Consultor dobra produtividade da soja no Nordeste brasileiro

O agrônomo Ivair Gomes vence por seis anos consecutivos o Desafio de Máxima Produtividade da Soja.

Ivair Gomes vence por seis anos consecutivos o Desafio de Máxima Produtividade da Soja – Foto: Divulgação

Ivair Gomes vence por seis anos consecutivos o Desafio de Máxima Produtividade da Soja – Foto: Divulgação

Lidando com os veranicos, que neste ciclo já completam seus 30 dias ininterruptos, as lavouras de soja baianas, tem exigido dose extra de fertilizantes para apresentar produtividade. O agrônomo Ivair Gomes, tem atendido essa demanda das lavouras e aumentado os custos de alguns agricultores da região, porém, com a mesma estratégia, ele consegue dobrar a produtividade em algumas fazendas do Nordeste, e na colheita deste ano tem a meta de superar 100 sacas por hectare, em cada propriedade que presta consultoria.

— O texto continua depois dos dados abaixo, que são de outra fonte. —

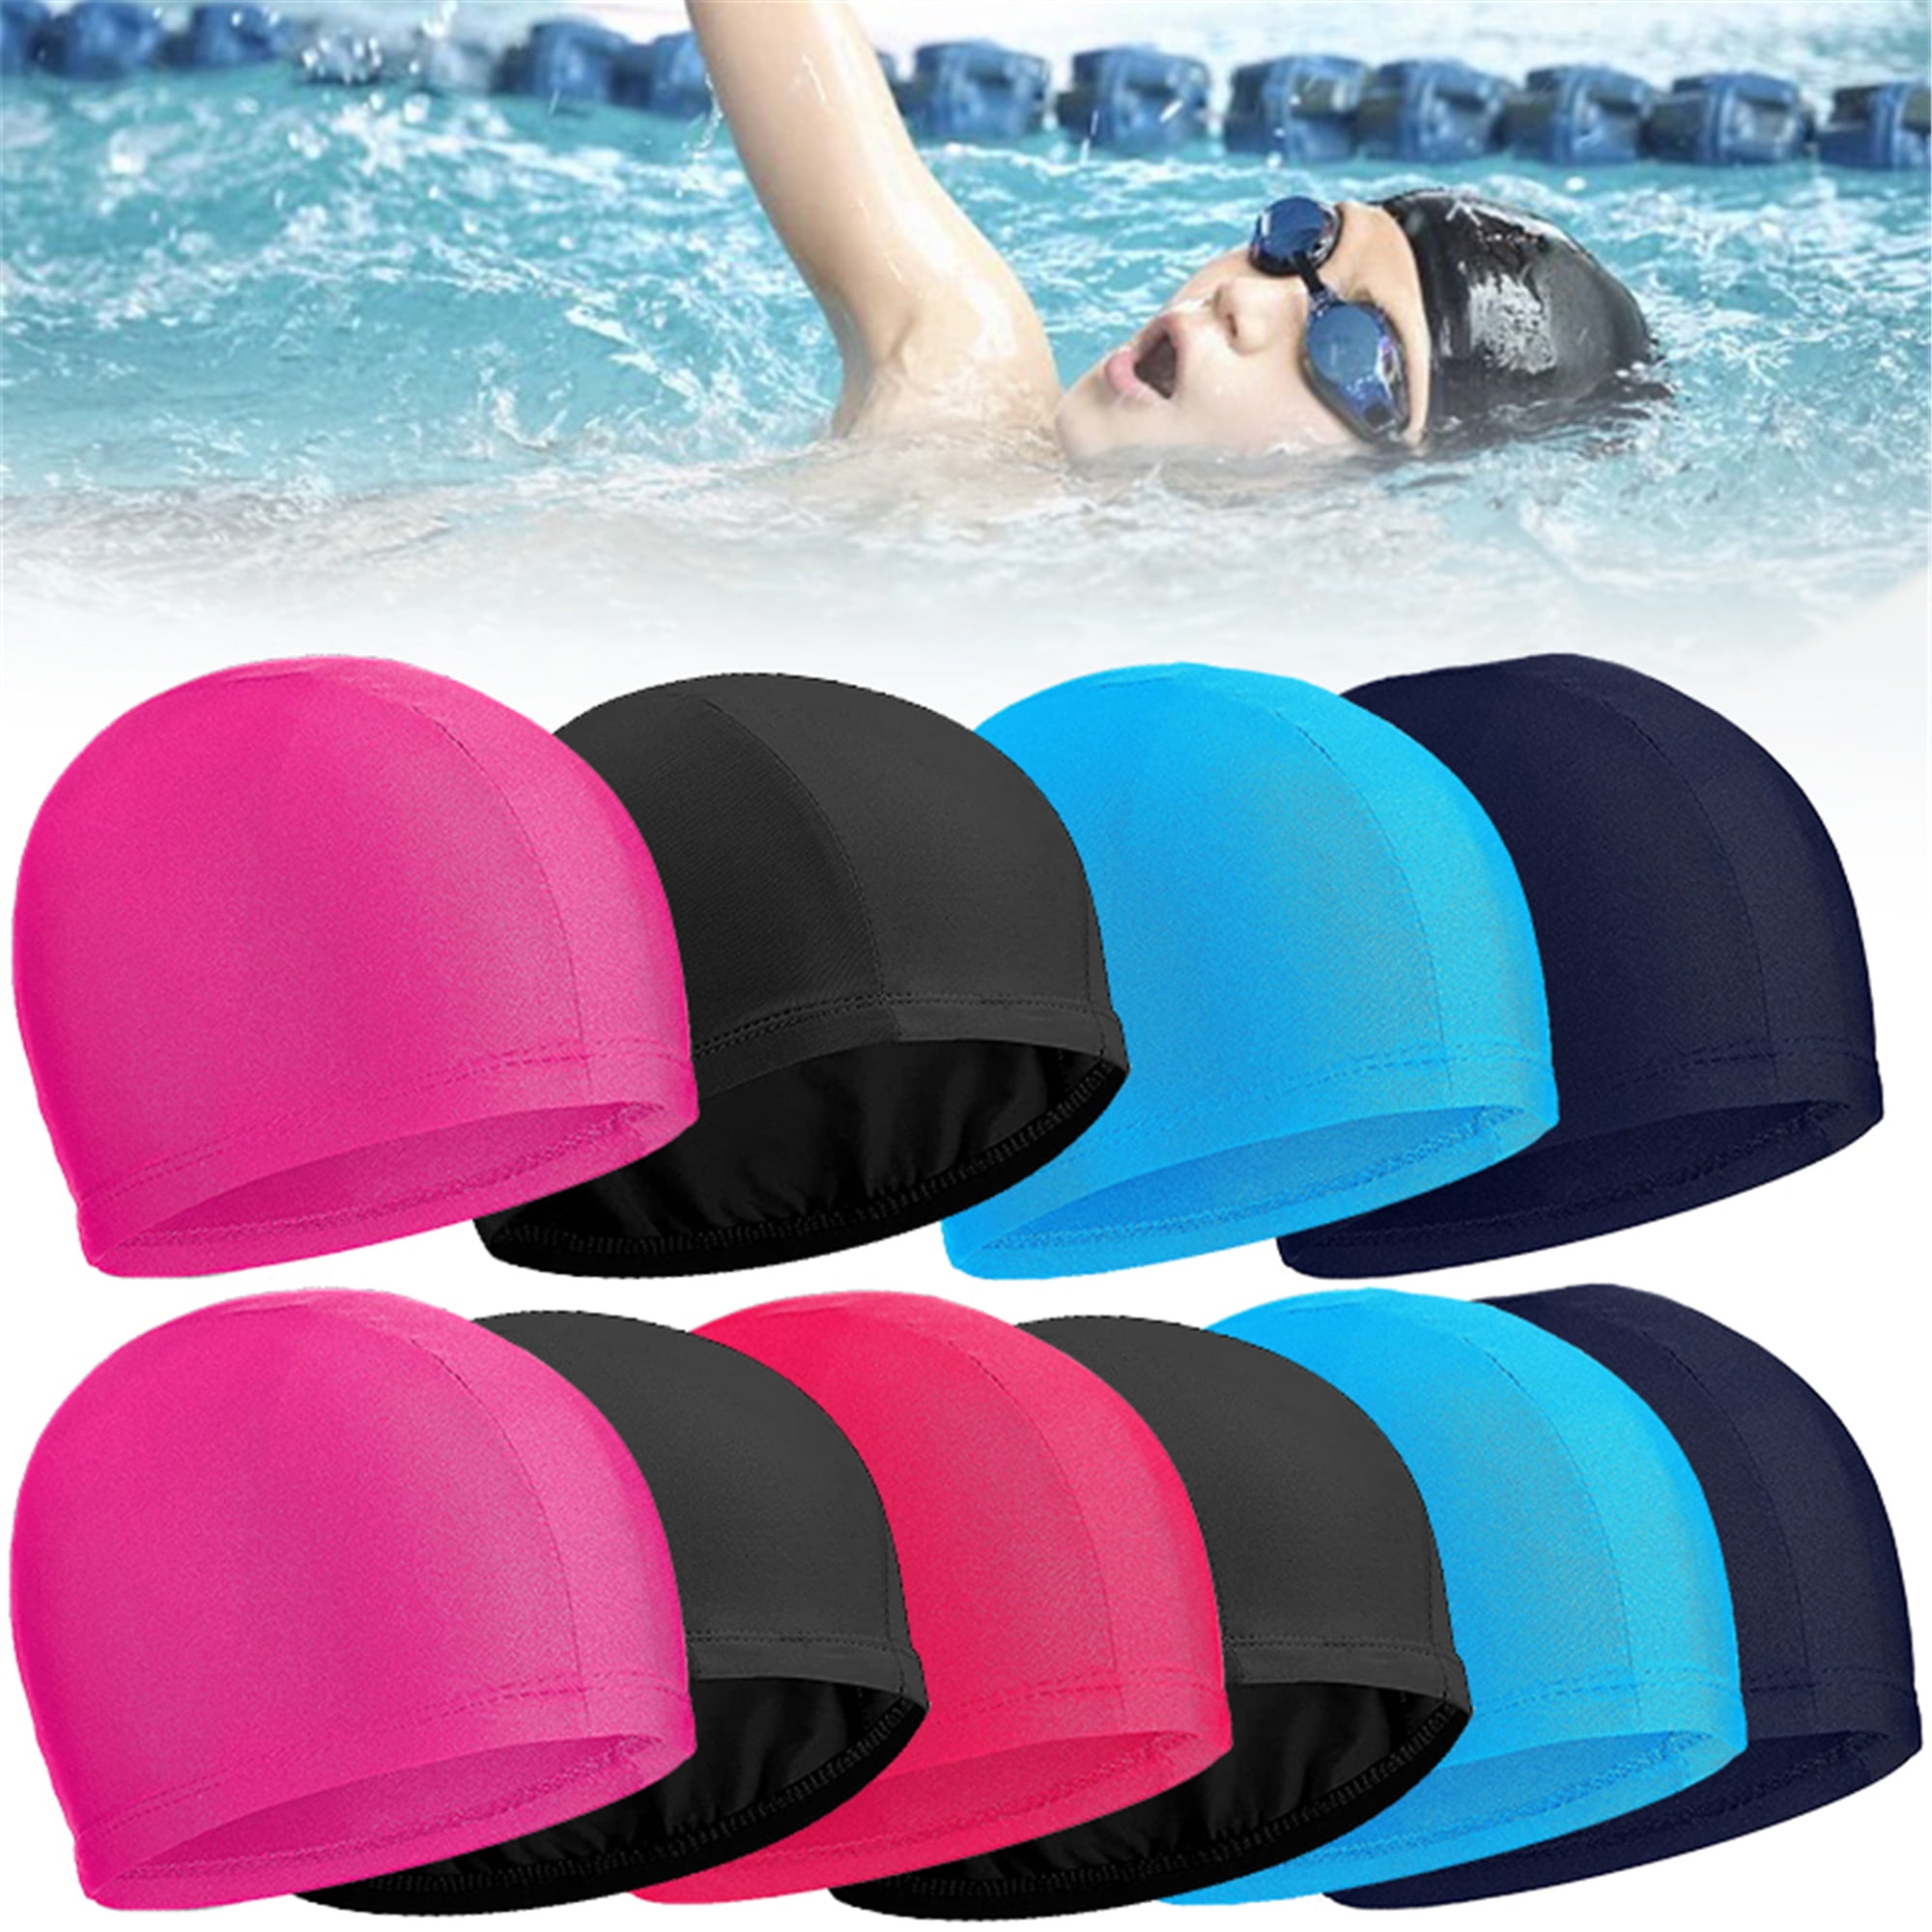 Unisex Adult & Kids Children Swimming Hat Shower Swim Pool Cap Elastic 14 Colors 
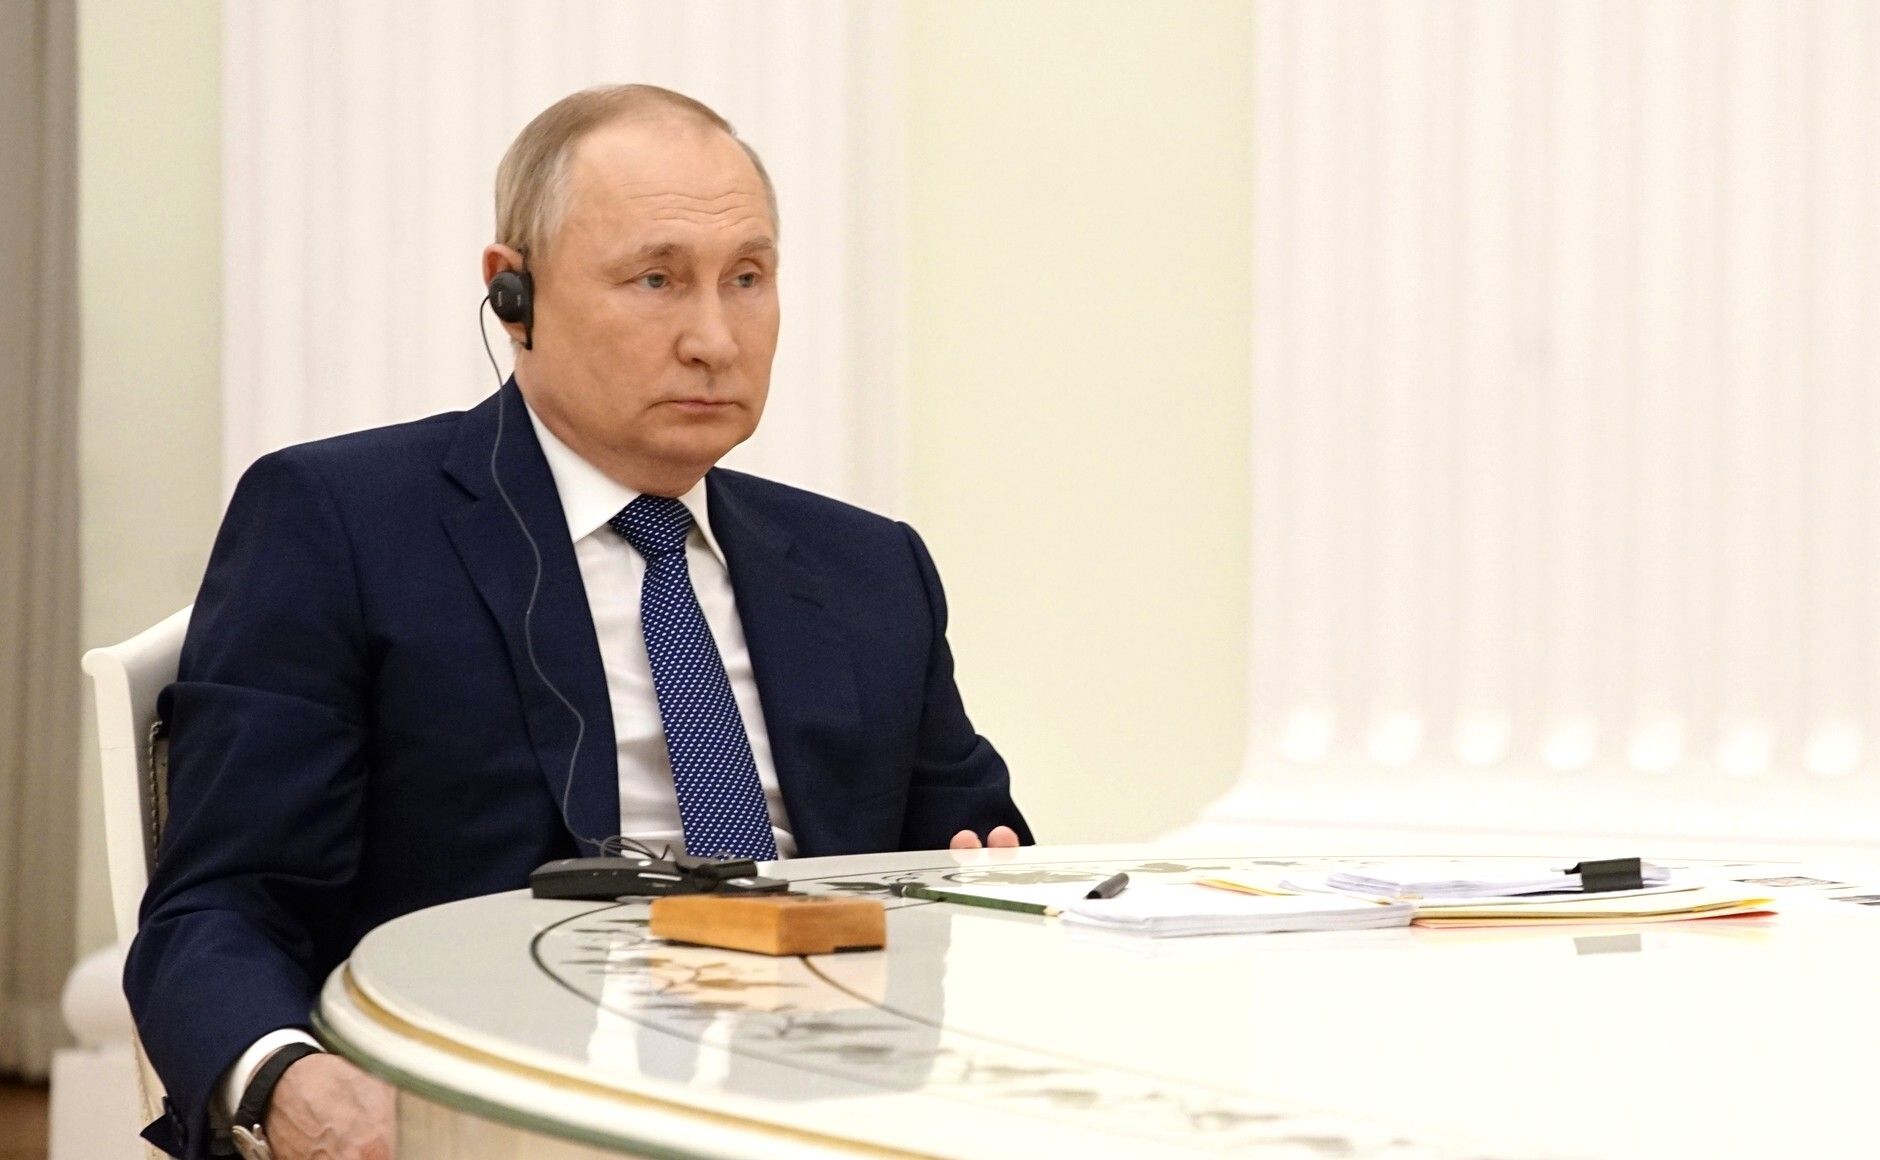 Зачем Путин расшатывает ситуацию в мире - что может остановить президента России - 24 Канал

Gomes foi eleito por seis anos consecutivos o consultor responsável pelas maiores produtividades da região Norte/Nordeste, pelo Desafio de Máxima Produtividade da Soja, organizado pelo Comitê Estratégico Soja Brasil (CESB). Desde a safra 2009/10 ele tem superado as médias da região e a nacional, cada ano com um agricultor diferente, chegando a atingir 112,44 sacas por hectare no último ciclo, que corresponde a 43% a mais que média das regiões, que se aproximam das 48,5 sacas por hectare.

Apesar de citar o clima nordestino como um desafio, não o vê como empecilho para um novo patamar na agricultura. “Neste ano inscrevi cerca de nove áreas no Desafio de Máxima Produtividade, cada uma com cerca de 10 hectares, em todas tenho a meta de atingir mais de 100 sacas, produtividade representativa, que estimula a receita do agricultor baiano. A estiagem na região é um desafio, são chuvas muito irregulares, mas estimulando a fertilidade do solo e o corrigindo, é possível superar as médias tradicionais”, destaca Gomes. “Oriento agricultores em uma área levemente beneficiada pela localização, são fazendas na divisa com Tocantins, Goiás e Piauí, onde as chuvas ocorrem em maior frequência, o que não impede resultados melhores em outras regiões do Nordeste, este é o espírito do Desafio, ser desafiado a produzir mais, independente das intempéries”, completa.

De acordo com o diretor financeiro do CESB, José Erasmo Soares, a média do Nordeste equivale à nacional, e desafia o agricultor. “Nos últimos dez anos a produtividade no Brasil tem se mantido constante, com pequenas oscilações, mesmo com o pujante aumento de tecnologias. O problema maior é que a produção de soja no Brasil aumentou, pelo crescimento de área, foram cerca de 10 milhões de hectares me menos de 10 anos, mantendo a produtividade média na casa das 50 sacas por hectare”, pontua Erasmo. “Há problemas que são climáticos, mas também existe uma falta de estratégia do agricultor, como olhar os talhões separadamente, para avaliar as tomadas de decisões”, finaliza Erasmo ao sinalizar o objetivo do Comitê, em reunir técnicas que auxiliem na expansão de produtividade.

Os resultados do Desafio de Máxima Produtividade da Soja serão divulgados em junho deste ano e a expectativa do Comitê é de encontrar o sojicultor capaz de produzir 143 sacas por hectare na safra 2015/16. Nesta edição 4.000 áreas, de todas as regiões brasileiras, concorrem ao prêmio em diferentes categorias.